Investors continue to favor short positions

In the midst of the current cryptocurrency market winter, investors are increasingly favoring short-Bitcoin positions. Following an increase in demand for a short-term investment product and the subsequent launch, investors have continued to pour in their money.

Recently, the first short Bitcoin exchange traded product (BITI) in the US was launched by Proshares. The fund allows investors to bet on the price of the most popular cryptocurrency, a bet that can be difficult and expensive.
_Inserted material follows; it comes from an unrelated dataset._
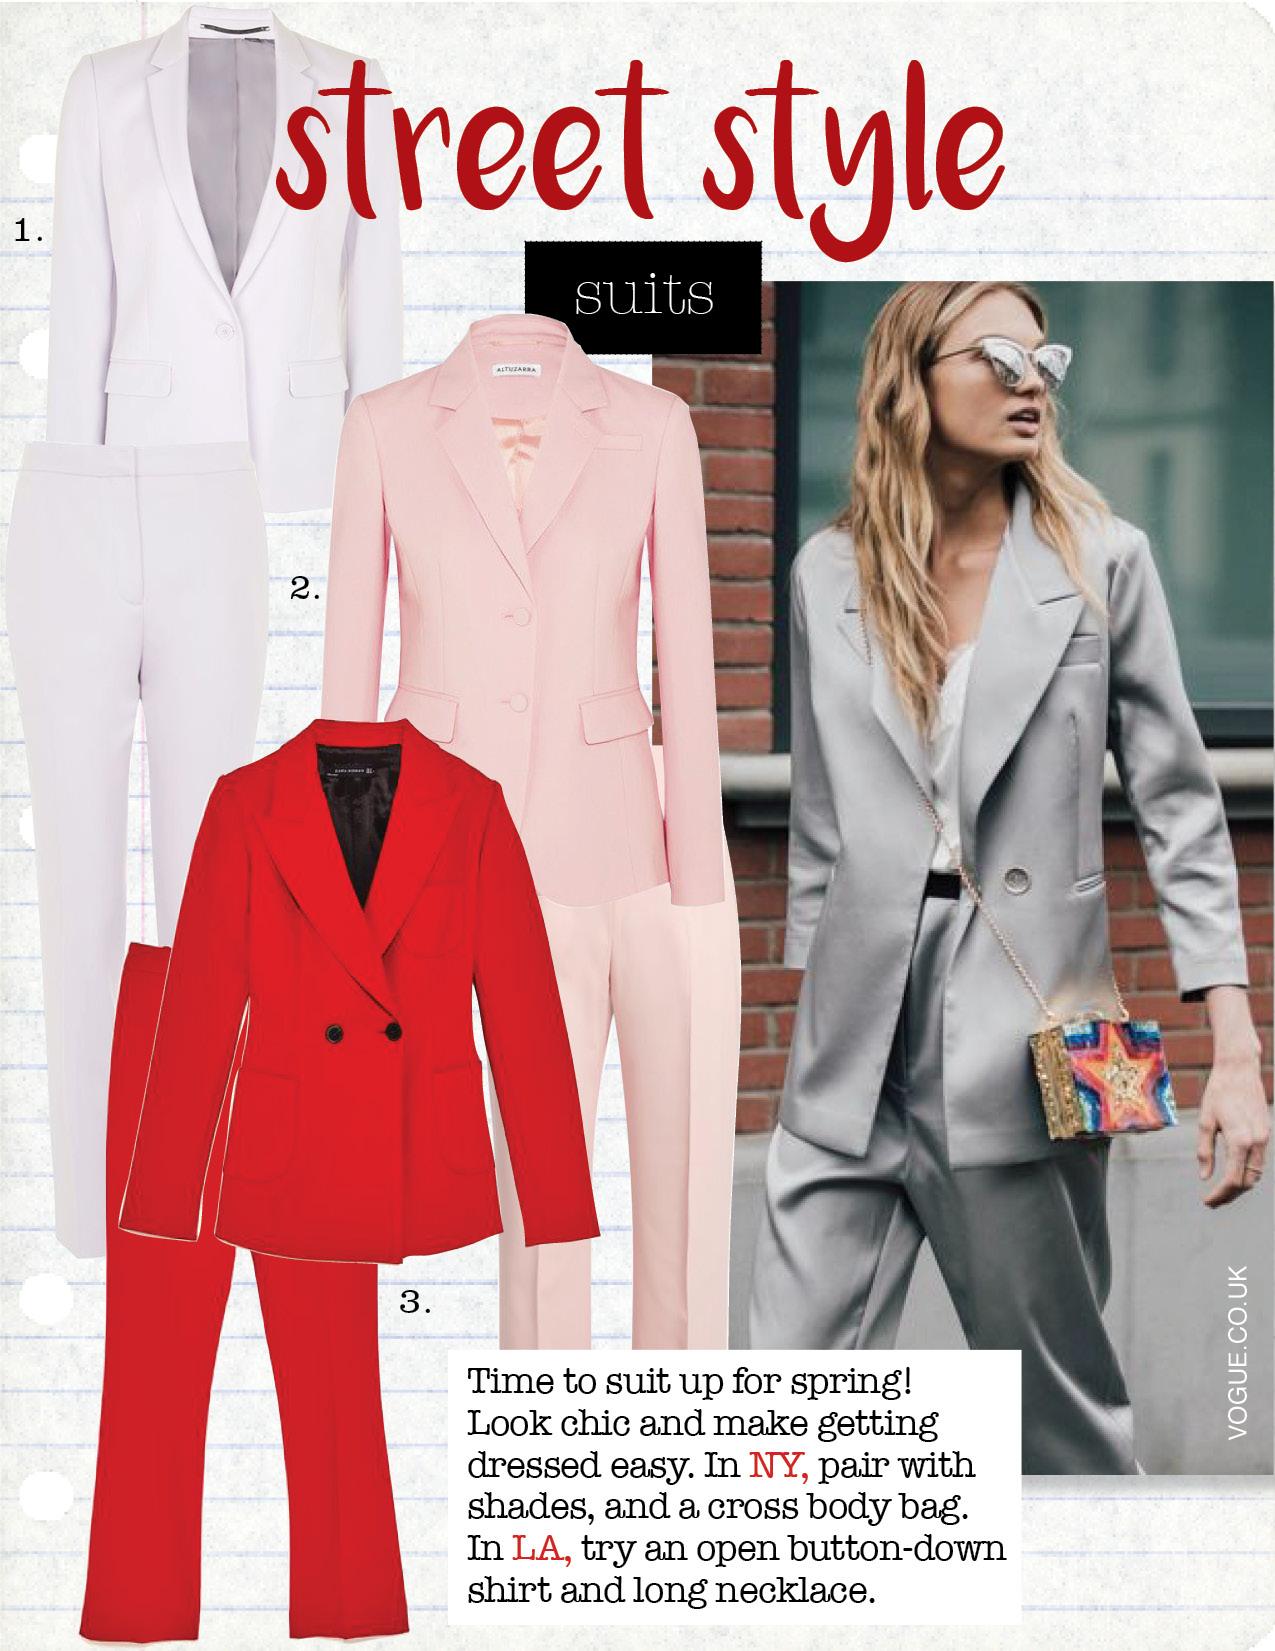 1. topshop tailored suit jacket, $125,  topshop.com  topshop tailored suit cigarette trousers, $68,  topshop.com  2. altuzarra pique blazer, $1695,  net-a-porter.com  altuzarra cropped trousers, $641,  matchesfashion.com  3. zara tailored jacket with buttons, $169,  zara.com  zara cropped straight-cut trousers, $69,  zara.com

This is due to the strict regulations imposed by cryptocurrency exchanges, which makes it difficult to short spot Bitcoin.

Furthermore, the financing costs associated with conventional methods for achieving short exposure can vary from 5% to 20%. This makes BITI a more economical strategy as it charges a cost share of 0.95%. As a futures-based ETF, BITI aims to track the performance of the S&P CME Bitcoin Futures Index.

After a weak debut on the New York Stock Exchange (NYSE), the fund saw a staggering 380% volume increase the next day. This highlighted a strong demand for the products as investors continued to invest in Bitcoin. Thereafter, it has continued to dominate the total supply of Digital Asset Funds each week, up from 79% in the first week of July.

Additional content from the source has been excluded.